- **Work instructions**
Copy out the listing that follows exactly, dropping every picture.
*** Opening Source material ***
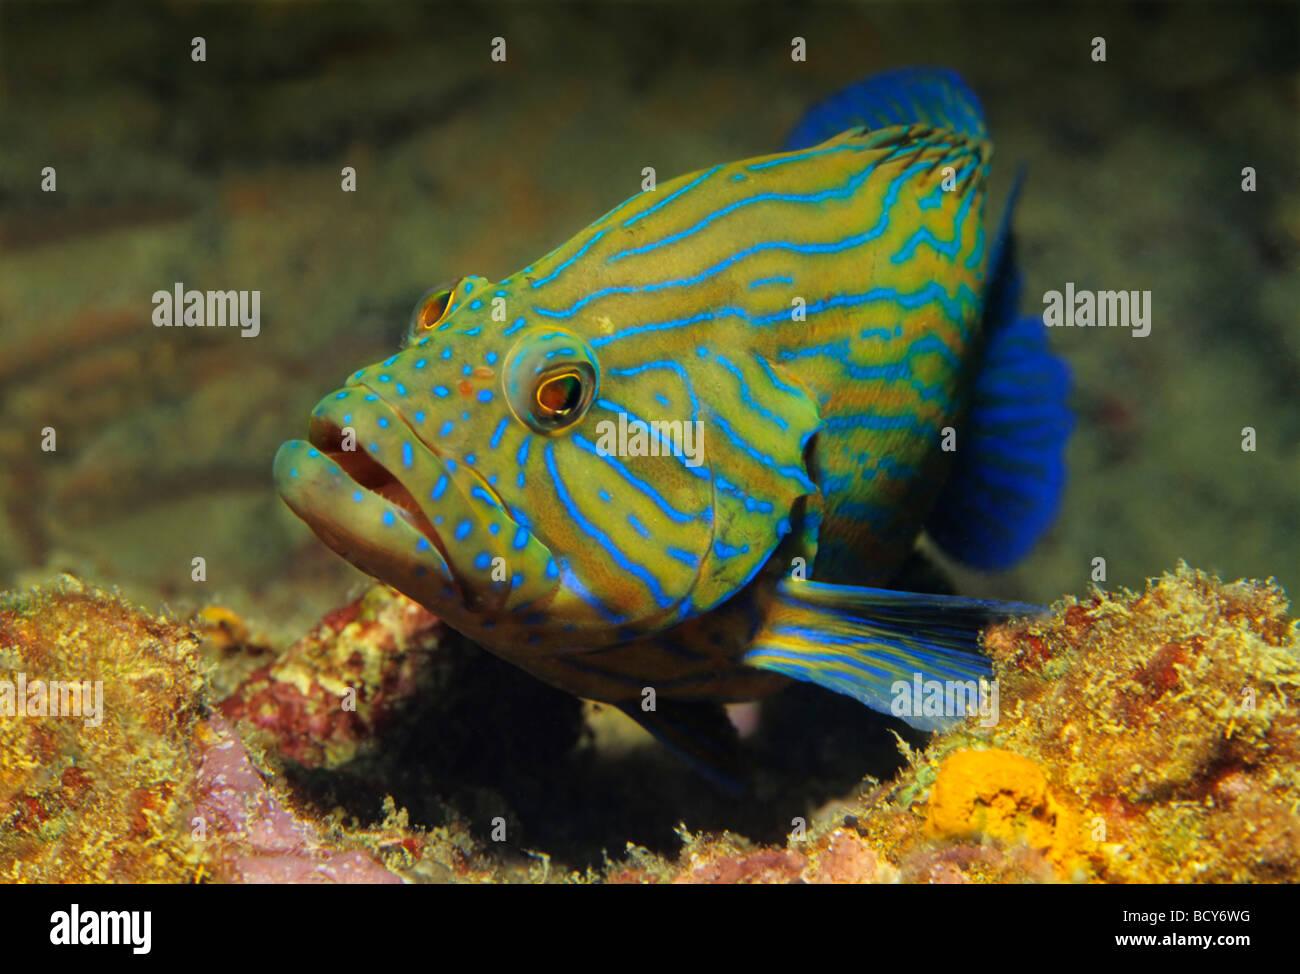 Blue stripe grouper (Cephalopholis formosa) in coral reef, Similan Islands, Andaman Sea, Thailand, Asia, Indian - Stock Image
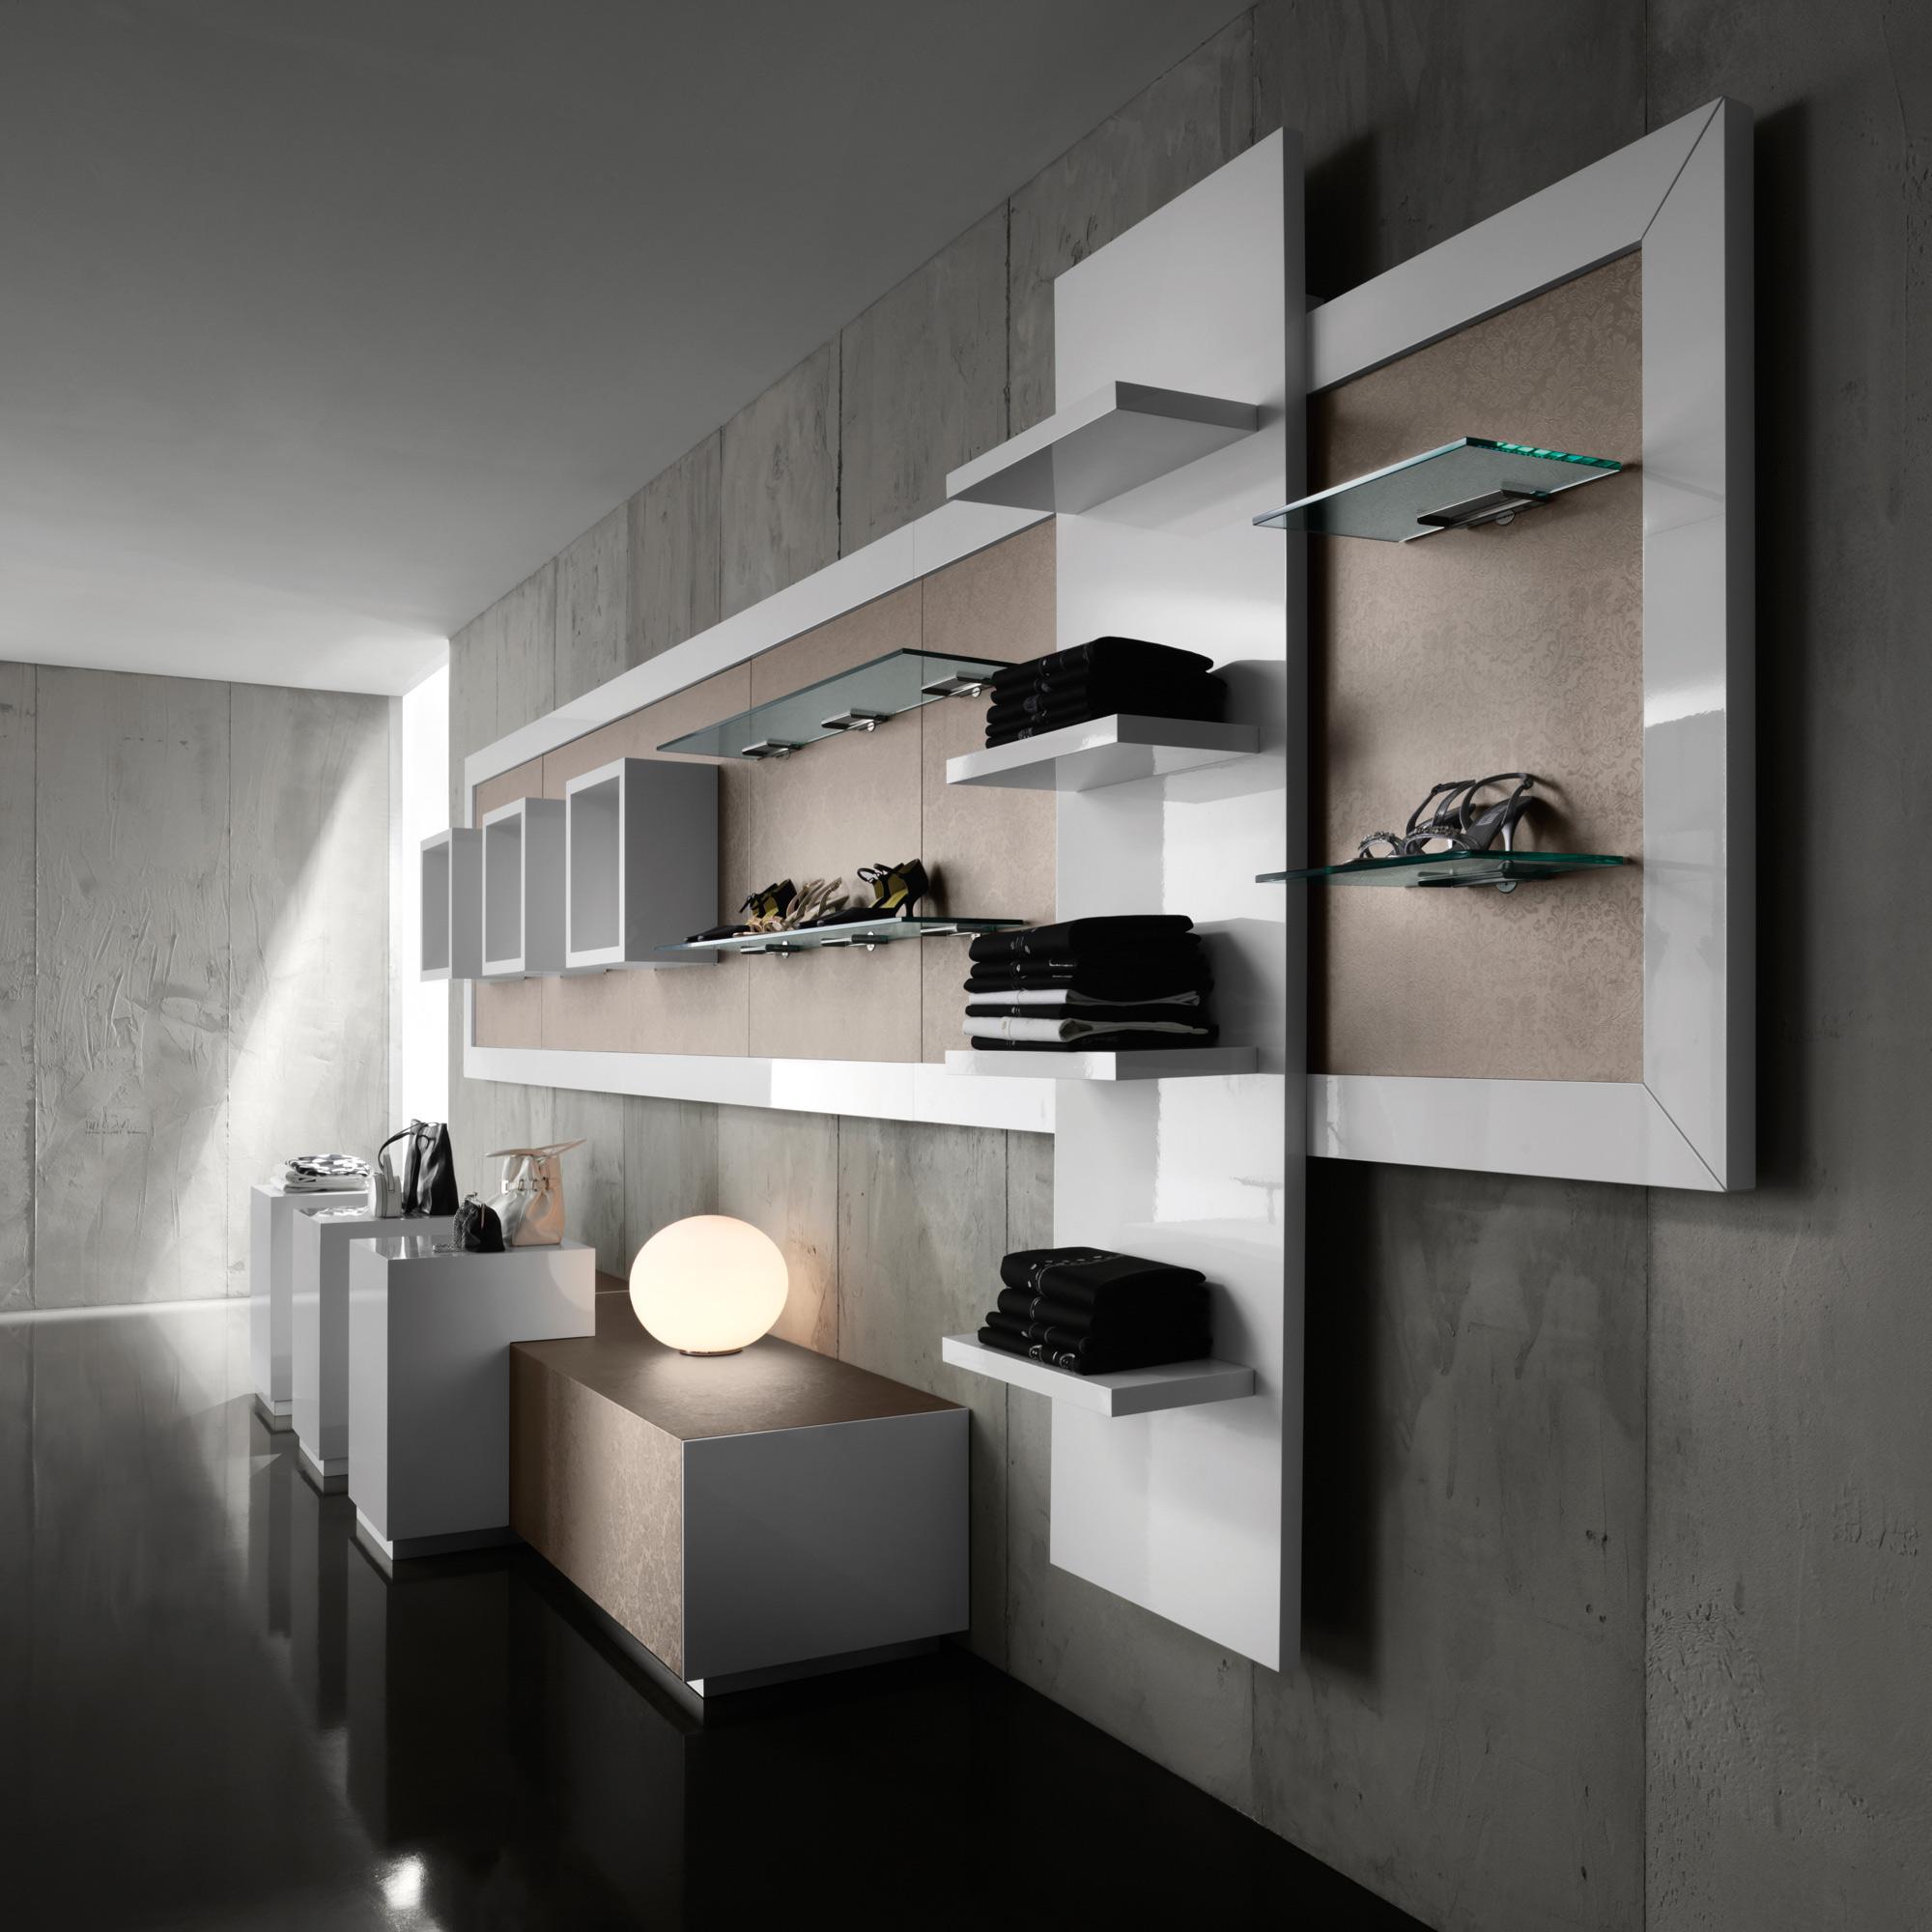 Arredamento per negozi di abbigliamento toscana belardi for Arredamento
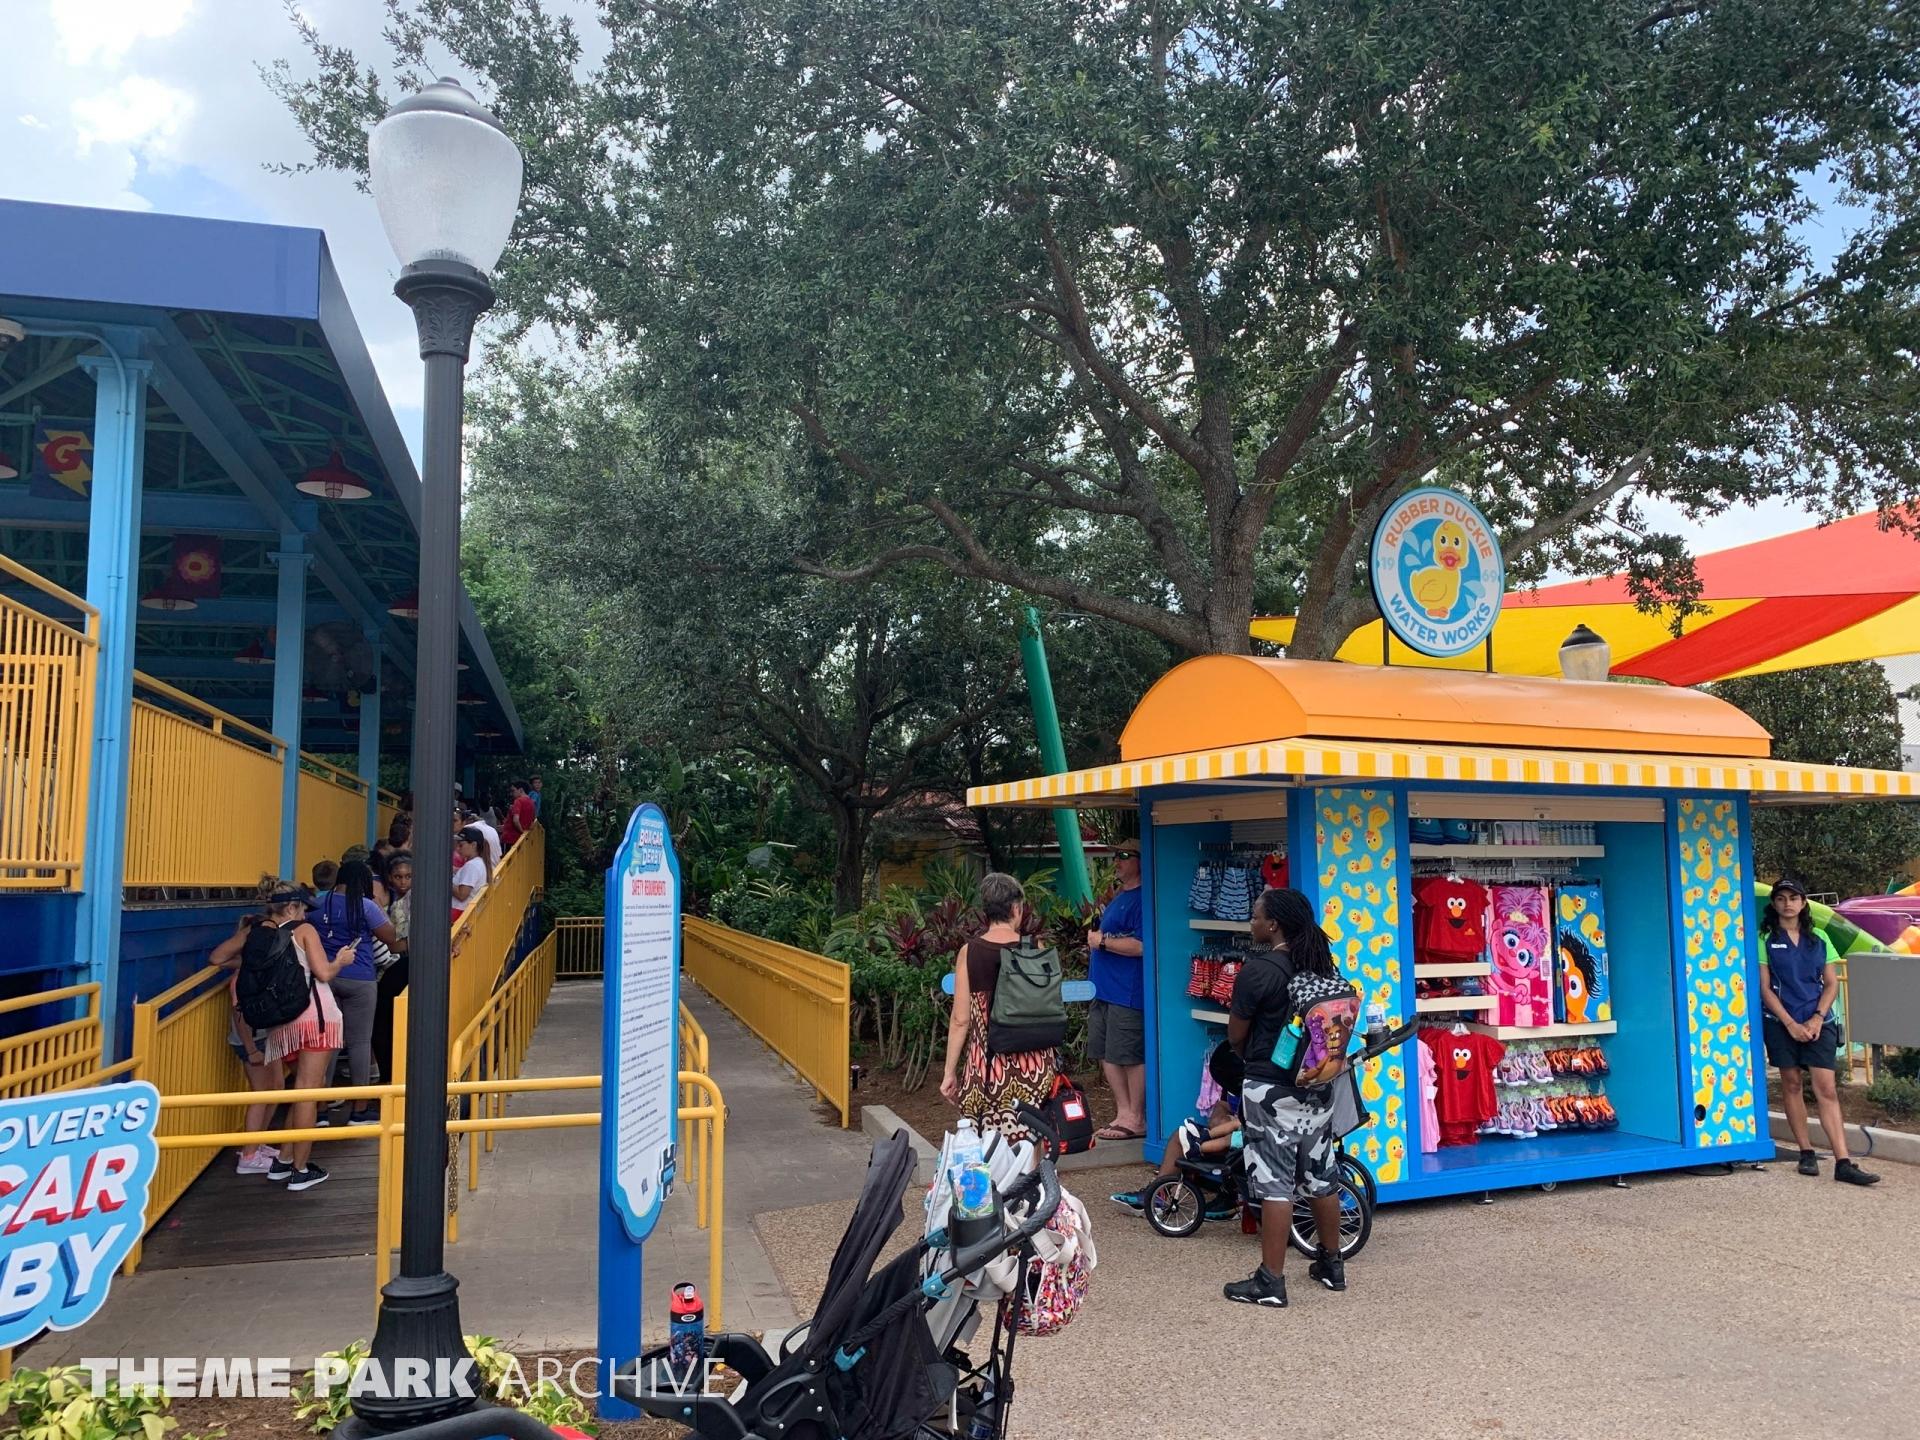 Super Grover's Box Car Derby at Sea World Orlando
*** Closing Source material ***
- **Result of this exercise**
 Blue stripe grouper (Cephalopholis formosa) in coral reef, Similan Islands, Andaman Sea, Thailand, Asia, Indian - Stock Image
 Arredamento per negozi di abbigliamento toscana belardi for Arredamento
 Super Grover's Box Car Derby at Sea World Orlando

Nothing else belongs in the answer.